Overall, choosing the best factoring plan relies on your customers’ creditworthiness and risk tolerance. The two plans may exhibit some advantages and disadvantages. Nonetheless, both aim to address the concerns of truckers having insufficient cash flow.


4. Benefits of Freight Factoring

Most importantly, you should know the benefits of freight factoring. That way, you can make an informed decision on whether you need a factoring company’s services. Here are some of them below: 

  • Improve Operational Performance: You need a steady cash flow to keep your operations running smoothly. With cash advances from a factoring company, you can make timely repairs. This results in preventing issues that may worsen if left not repaired. As it can shorten the lifespan of your vehicles, it can impede your business operations. 
  • Keep Driver Compensation Flowing: Since some of your customers may not quickly pay their dues, you’re more likely to delay payments of your drivers.

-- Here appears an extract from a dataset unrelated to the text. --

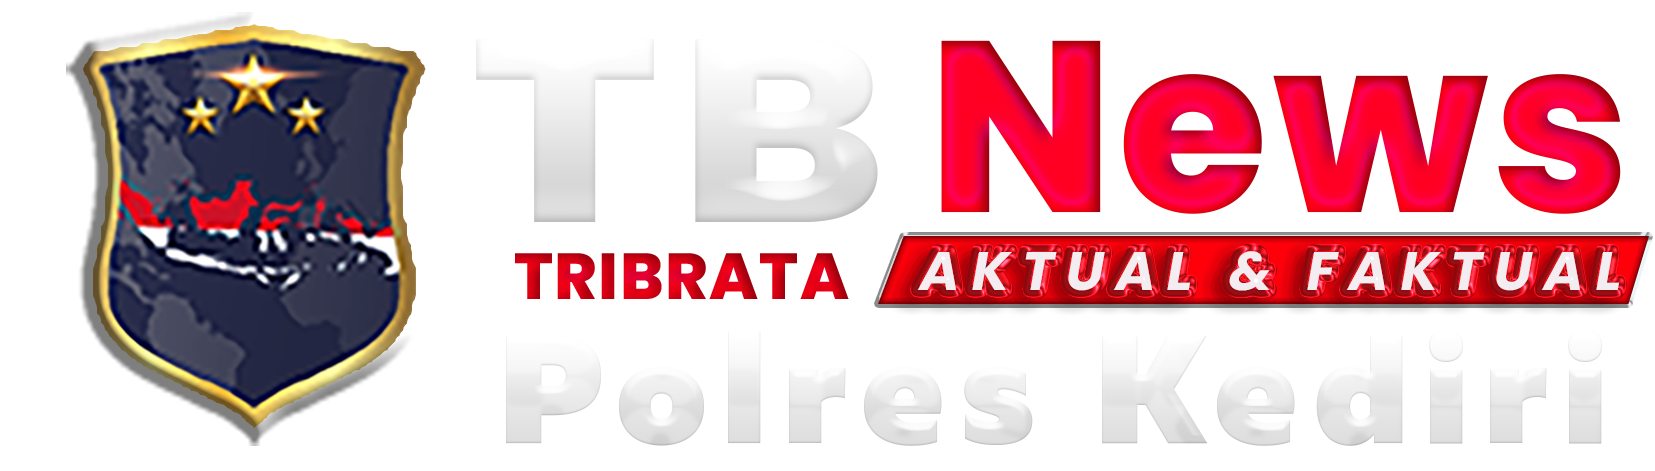 Tribratanews Polres Kediri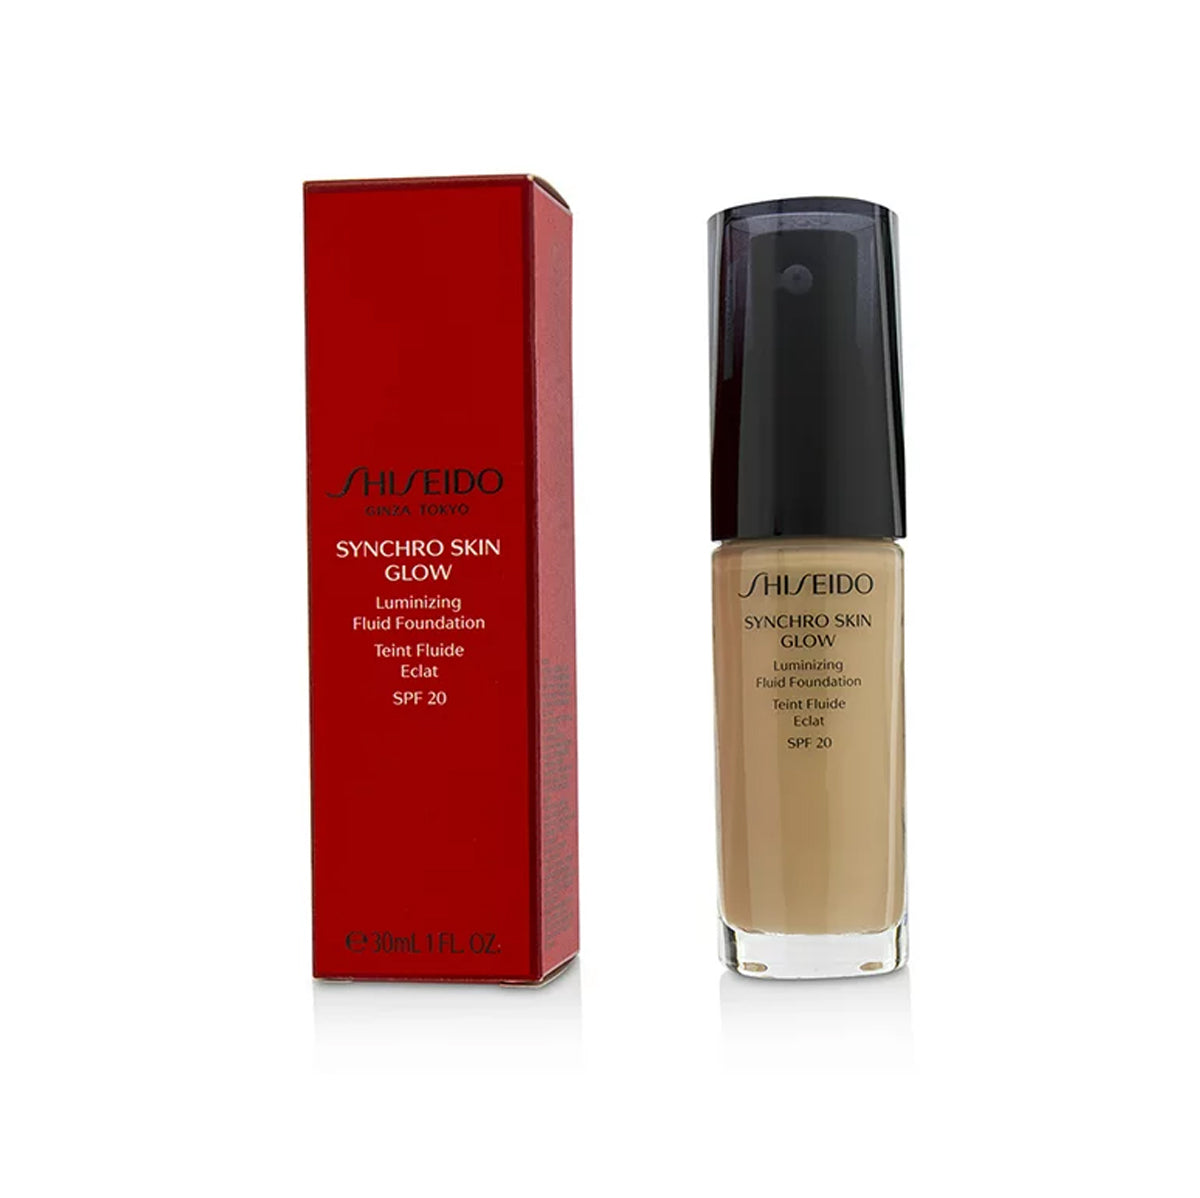 Shiseido Synchro Skin Glow Luminizing Fluid Foundation SPF 20 Rose 2 -  30 ml / 1 oz

As a result, they can file union grievances that can endanger your business. Thus, freight factoring can help you avoid such since you have cash advances to pay your drivers on time. 
  • Establish A Steady Supply Chain: You also need to take care of your supply chain. When your supply chain breaks down, you may have to stop some of your operations. But when you have a steady supply of cash, you can also have a regular chain of supplies. 

Conclusion 

Freight factoring can be valuable for truckers, especially if you’re just starting. Since you need to establish your business, you must have a steady source of cash. That way, you can continue operating even if your customers have payment delays. You can check if factoring is what you need based on the information above.